Bug #104108 cumulative frequency may grow over 1.0 due to float errors
Submitted: 24 Jun 2021 17:06 Modified: 11 Oct 2021 23:52
Reporter: Kaiwang CHen (OCA) Email Updates:
Status: Closed Impact on me:
None 
Category:MySQL Server: Optimizer Severity:S3 (Non-critical)
Version:8.0.25 OS:Any
Assigned to: CPU Architecture:Any

[24 Jun 2021 17:06] Kaiwang CHen
Description:
When histogram is constructed, cumulative frequency is calculated by summing frequencies of previous buckets and the current bucket. This may lead to accumulated float errors and the last cumulative frequency may be over 1.0 (cf > 1.0). The out-of-range cumulative frequency may be returned and cause abnormal behaviors.

For example, Singleton performs calculation:

  double cumulative_frequency = 0.0;

  try {
    for (const auto &node : value_map) {
      const double frequency = node.second / static_cast<double>(total_count);
      cumulative_frequency += frequency;

      m_buckets.emplace(node.first, cumulative_frequency);
    }
  } catch (const std::bad_alloc &) {
    // Out of memory.
    return true;
  }

How to repeat:
In histograms.test, the following ANALYZE statement generates the last bucket with cumulative frequency being 1.0000000000000002.

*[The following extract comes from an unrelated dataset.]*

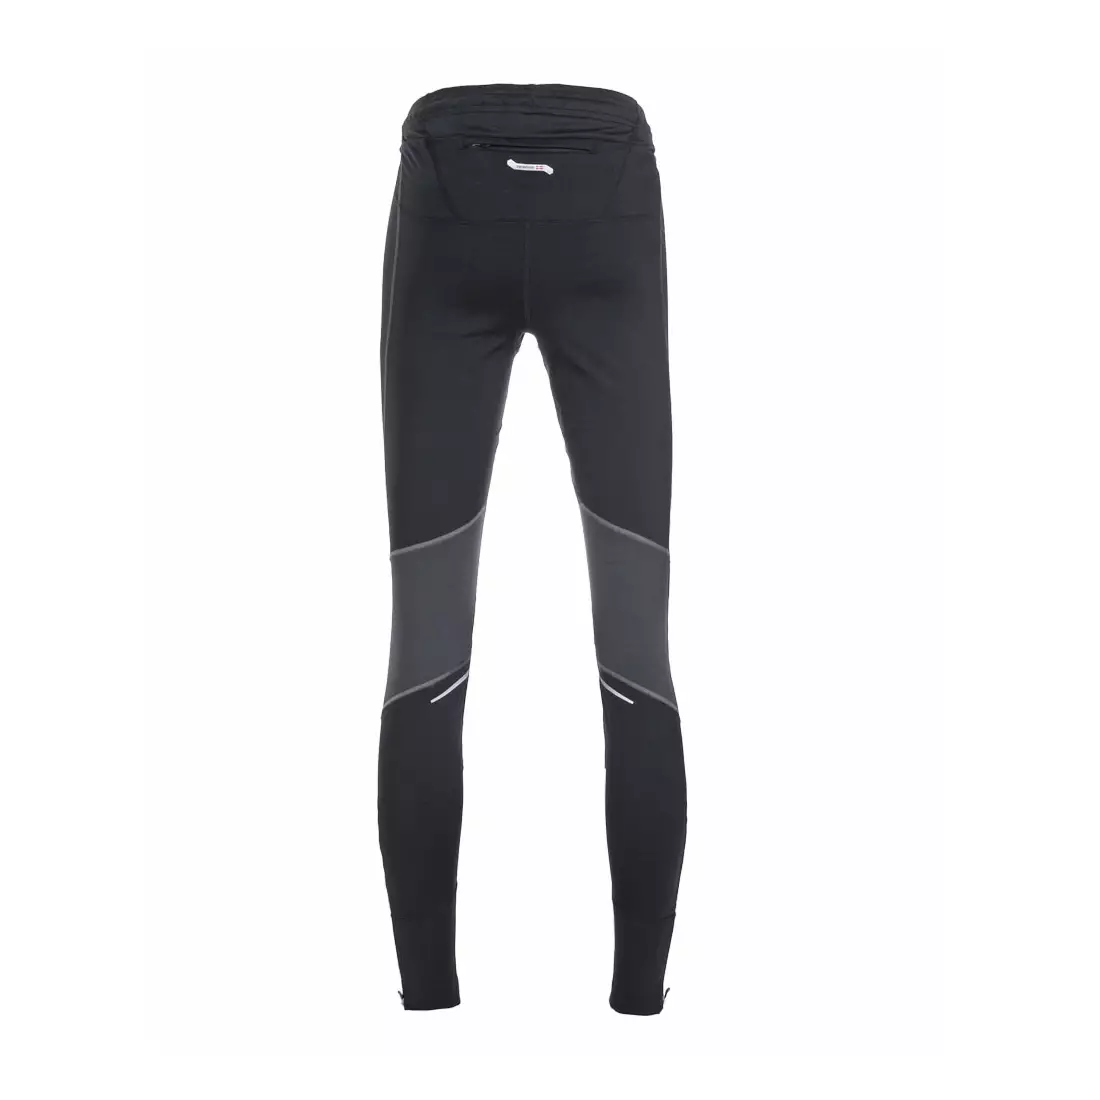 NEWLINE ICONIC PROTECT TGHTS 10132-060 - pantaloni izolați pentru alergare pentru femei, culoare: Negru

ANALYZE TABLE t2 UPDATE HISTOGRAM ON col_datetime WITH 100 BUCKETS;

{"buckets": [["1900-01-01 00:00:00.000000", 0.3], ["2001-01-20 12:47:23.000000", 0.35], ["2001-07-25 08:40:24.000000", 0.39999999999999997], ["2001-10-22 11:13:24.000000", 0.44999999999999996], ["2002-08-25 20:35:06.000000", 0.49999999999999994], ["2002-12-08 11:34:58.000000", 0.5499999999999999], ["2003-03-12 02:00:34.000000", 0.6], ["2003-12-04 11:14:26.000000", 0.65], ["2005-08-15 00:00:00.000000", 0.7000000000000001], ["2006-09-11 18:25:21.000000", 0.7500000000000001], ["2007-04-10 12:16:04.000000", 0.8000000000000002], ["2008-05-16 08:09:06.000000", 0.8500000000000002], ["2008-07-02 00:00:00.000000", 0.9000000000000002], ["2009-06-07 13:48:58.000000", 0.9500000000000003], ["2009-11-07 00:00:00.000000", 1.0000000000000002]], "data-type": "datetime", "null-values": 0.0, "collation-id": 8, "last-updated": "2021-06-24 16:14:56.077219", "sampling-rate": 1.0, "histogram-type": "singleton", "number-of-buckets-specified": 100}

Suggested fix:
Add std::min(cf, 1.0) to ensure it is in range [0, 1.0].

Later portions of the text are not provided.